1. PURPOSE
In all kinds of activities carried out by UITSEC International as the data controller of this policy, it is necessary to describe the personal data processing activity and the methods adopted for the protection of personal data in accordance with the Personal Data Protection Law (Law) No. 6698 and it aims to fulfill the obligation of clarification specified in the article. The Personal Data Protection and Processing Policy includes the principles applied by UITSEC International in the collection, use, sharing, storage and destruction of personal data. It is aimed to inform our customers, employees of the institution, visitors, employees of the institutions we cooperate with and all persons whose personal data are processed by the institution, especially third parties.
2. SCOPE
With this Policy, our institution covers all personal data processed in the processes of our institution in automated or non-automated ways, provided that it is part of any data recording system.
3. AUTHORITIES AND RESPONSIBILITIES
All employees, consultants, external service providers and anyone who stores and processes personal data before the institution are responsible for fulfilling the requirements for the storage and destruction of personal data specified by Law, Regulation and Policy within the institution. Each business unit is responsible for storing and protecting the data it produces in its own business processes.
The responsibility for the notification or correspondence made with the KVK Board on behalf of the data controller such as notification or acceptance and registration in the registry is under the responsibility of the "Data Controller Contact Person".
4. DEFINITIONS AND ABBREVIATIONS
Explicit Consent; Consent on a specific subject, based on information and explained with free will.
Relevant User; These are the persons who process personal data within the organization of the data controller or in accordance with the authority and instruction received from the data controller, except for the person or unit responsible for the technical storage, protection and backup of the data.
Destruction; Deletion, destruction or anonymization of personal data.
Law; Personal Data Protection Law No. 6698.
Recording Media; All kinds of media containing personal data that are fully or partially automated or processed in non-automated ways provided that they are part of any data recording system.

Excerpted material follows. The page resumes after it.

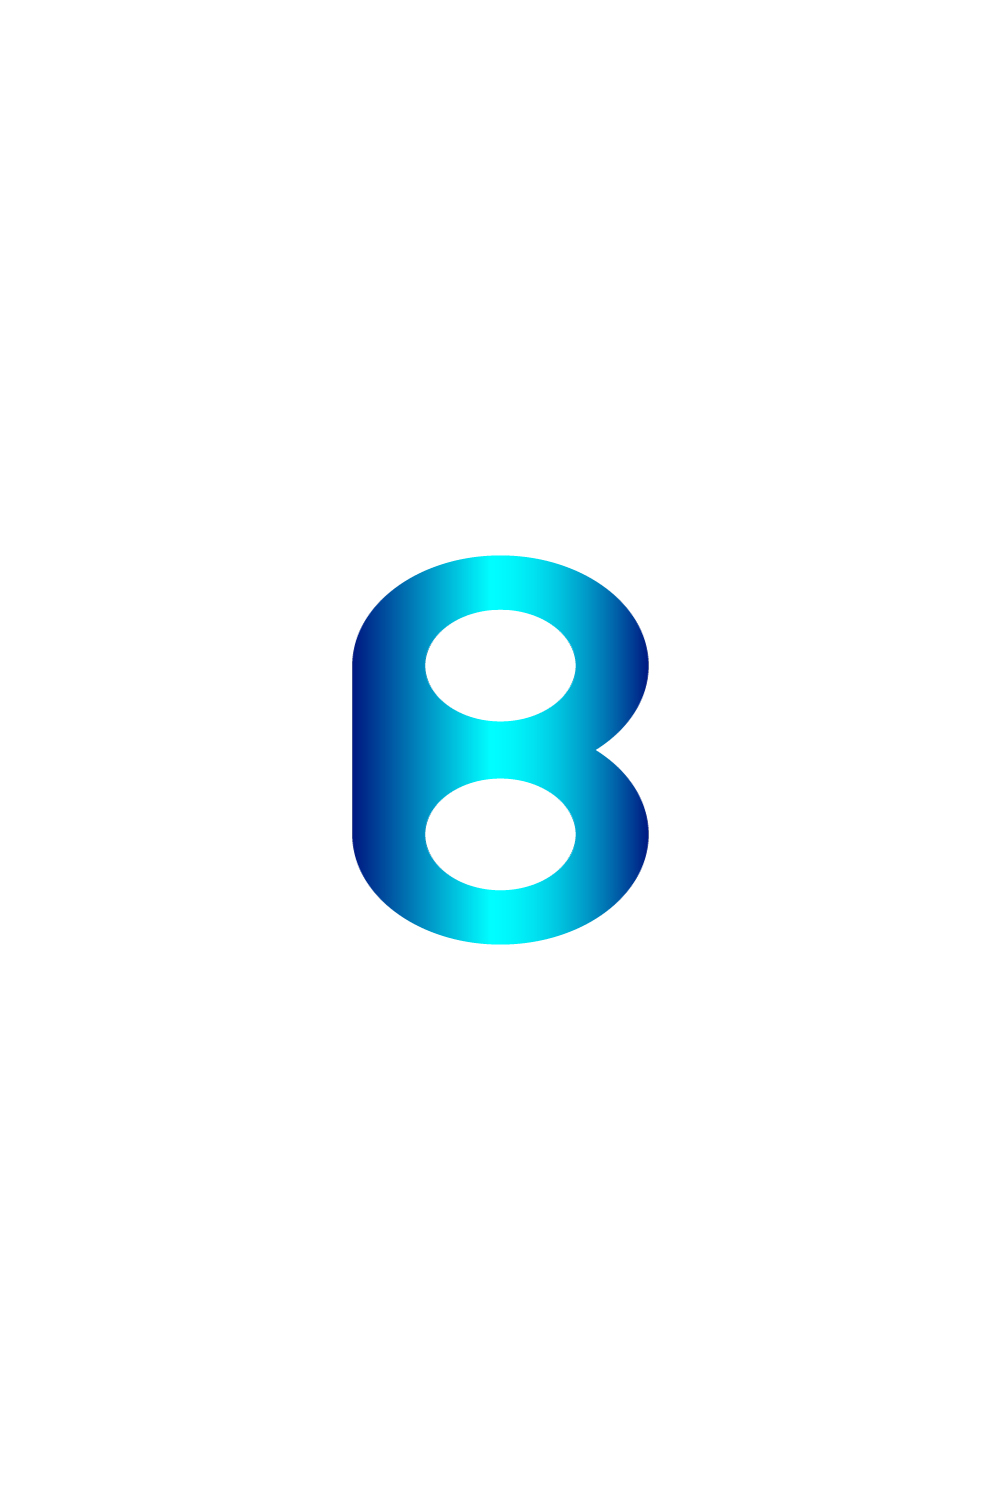 Gradient B Logo Abstract Letter B Logo Design B Letter Logo pinterest preview image.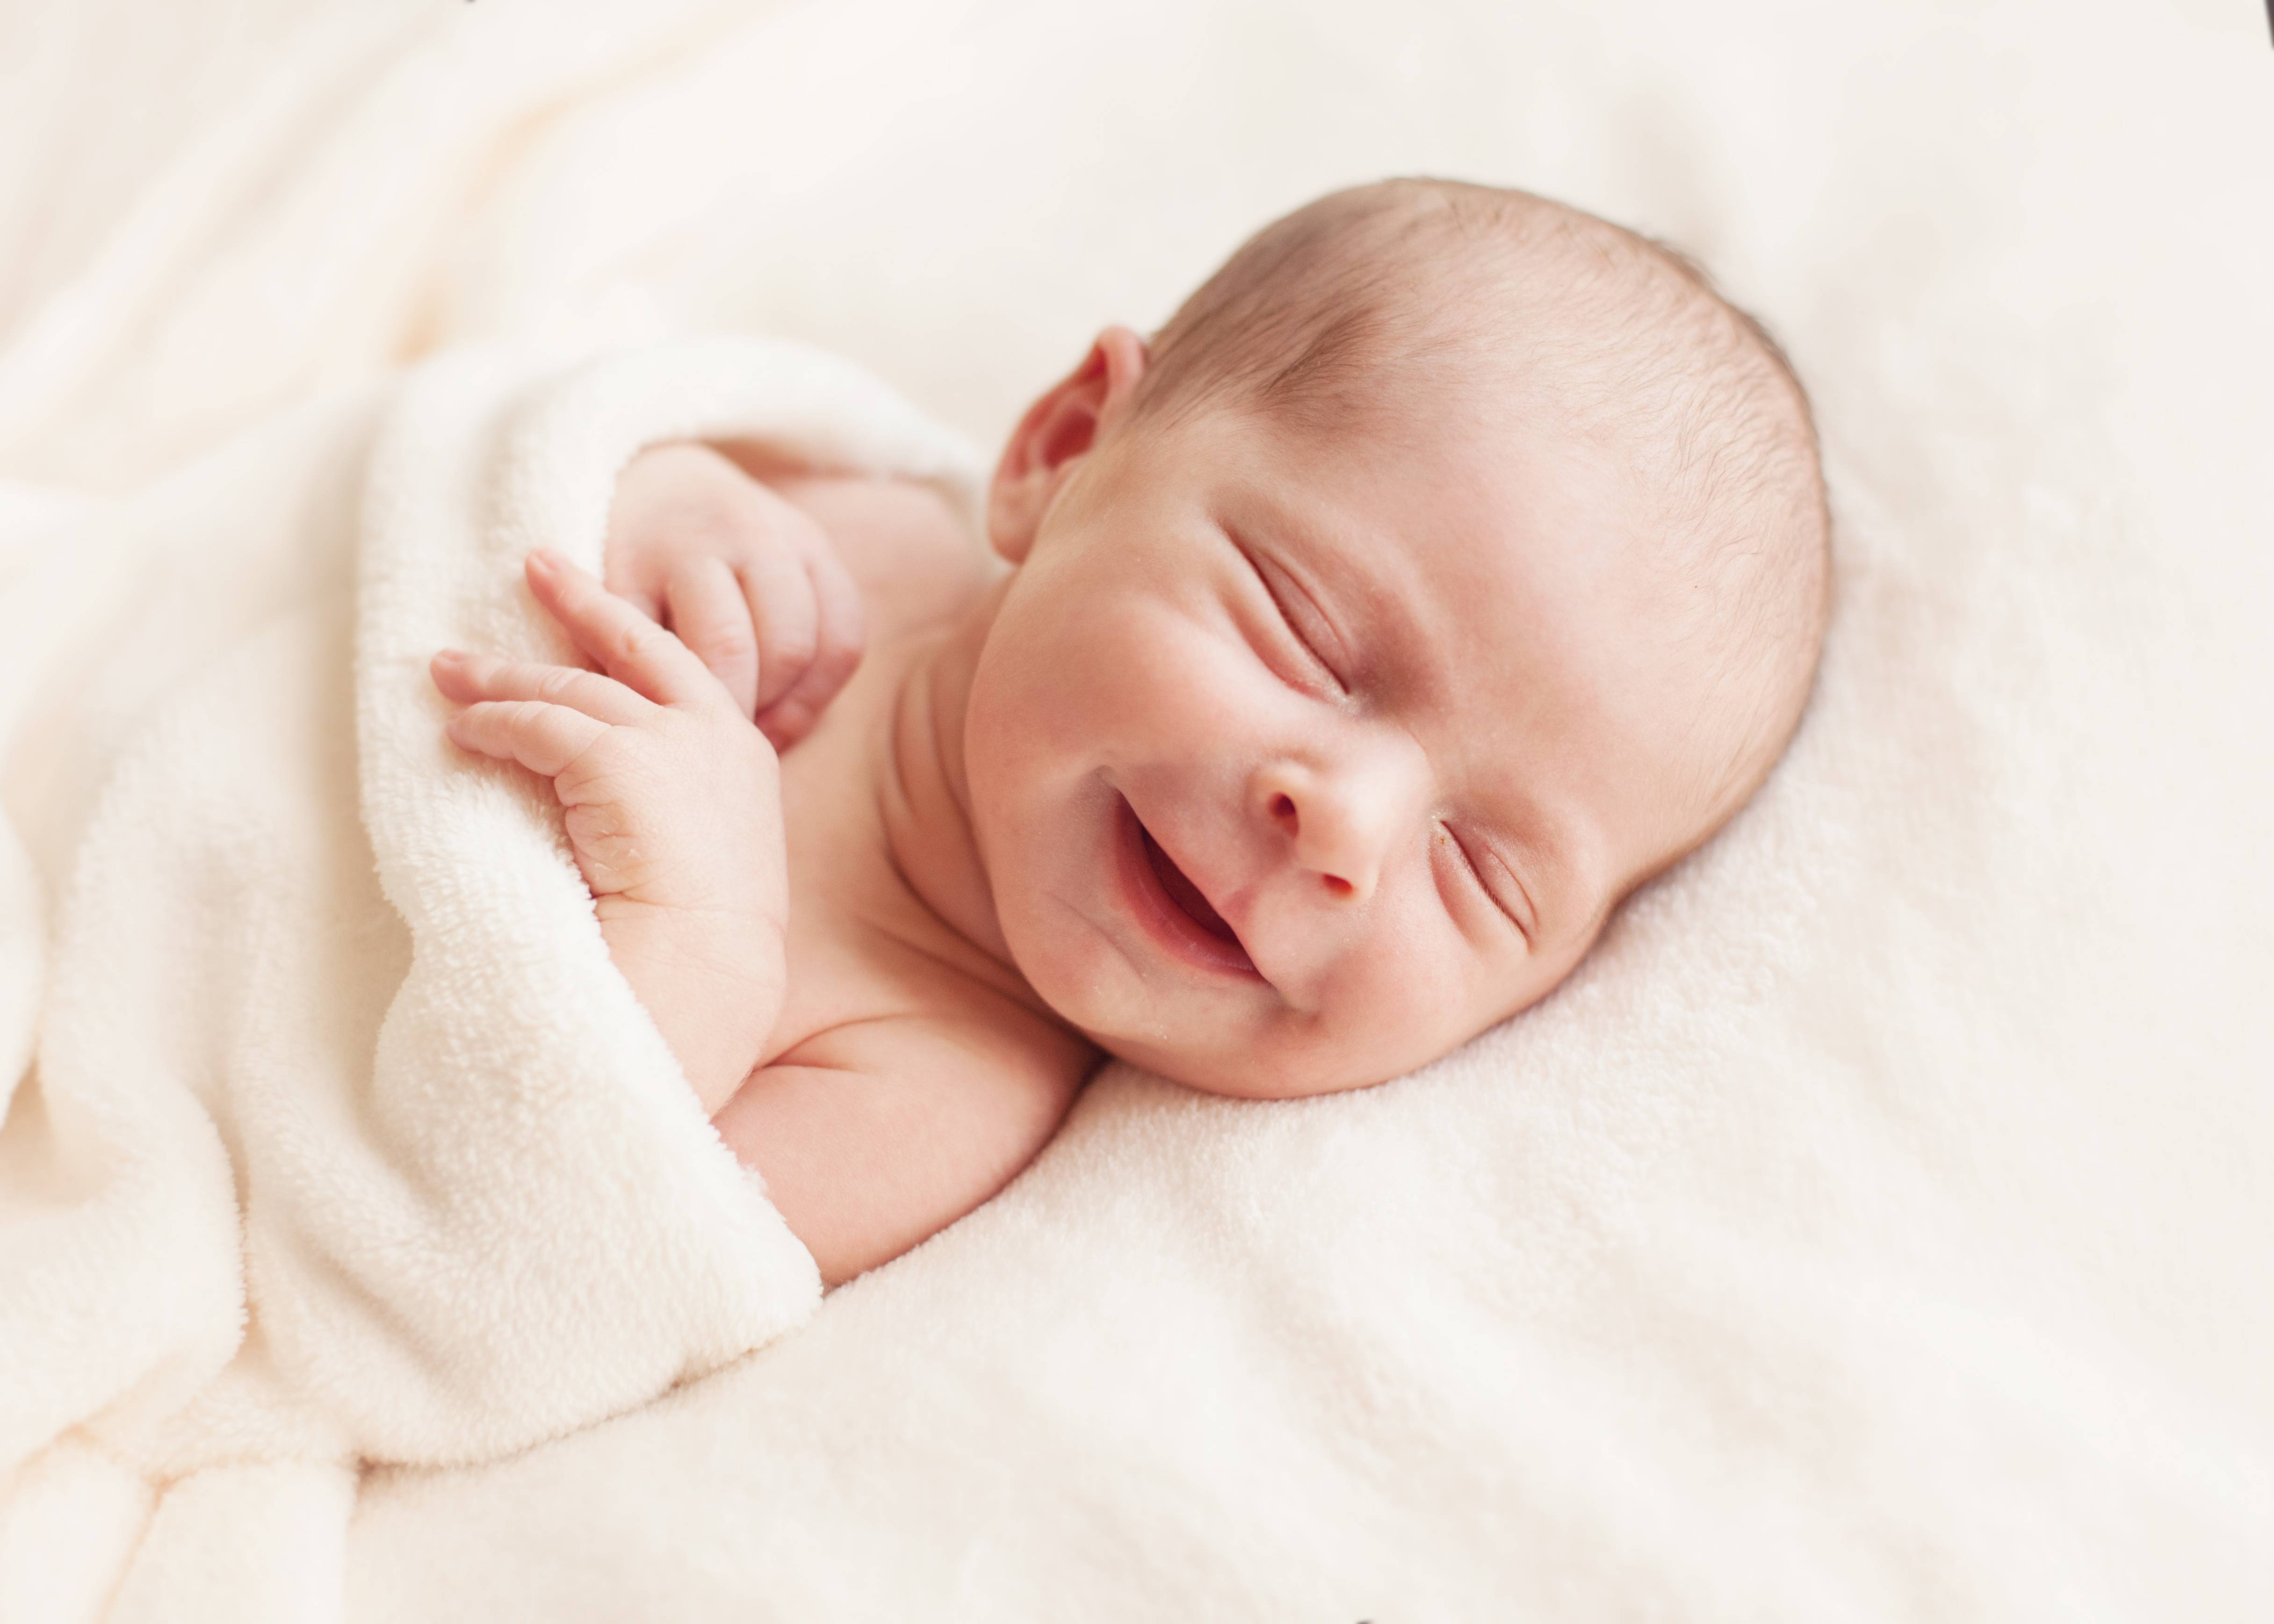 10 удивительных фактов о новорожденных, о которых мало кто знает

Personal Data; All kinds of information related to the identified or identifiable real person.
Processing of Personal Data; All kinds of processes performed on personal data such as obtaining, recording, storing, keeping, changing, re-arranging, disclosing, transferring, taking over, making available, classifying or preventing their use in whole or in part, automatically or in non-automatic ways, provided that they are part of any data recording system.
Anonymization of Personal Data; Making personal data unlikely to be associated with an identified or identifiable real person in any way, even by matching it with other data.
Deletion of Personal Data; Deletion of Personal Data; making personal data inaccessible and unavailable to Related Users in any way.
Destruction of Personal Data; The process of making personal data inaccessible, recoverable and unusable by anyone in any way.
Board; Personal Data Protection Board.
Sensitive Personal Data; Data related to the race, ethnic origin, political opinion, philosophical belief, religion, sect or other beliefs, dress, membership to associations, foundations or trade unions, health, sexual life, criminal convictions and security measures, and biometric and genetic data.
Periodic Destruction; In the event that all the conditions for processing personal data in the Law disappear, the process of deletion, destruction or anonymization of personal data to be carried out ex officio at repeated intervals specified in the personal data storage and destruction policy.
Data Owner/Relevant Person; The natural person whose personal data is processed.
Data Processor ; The natural or legal person who processes personal data on behalf of the data controller based on the authority given by him.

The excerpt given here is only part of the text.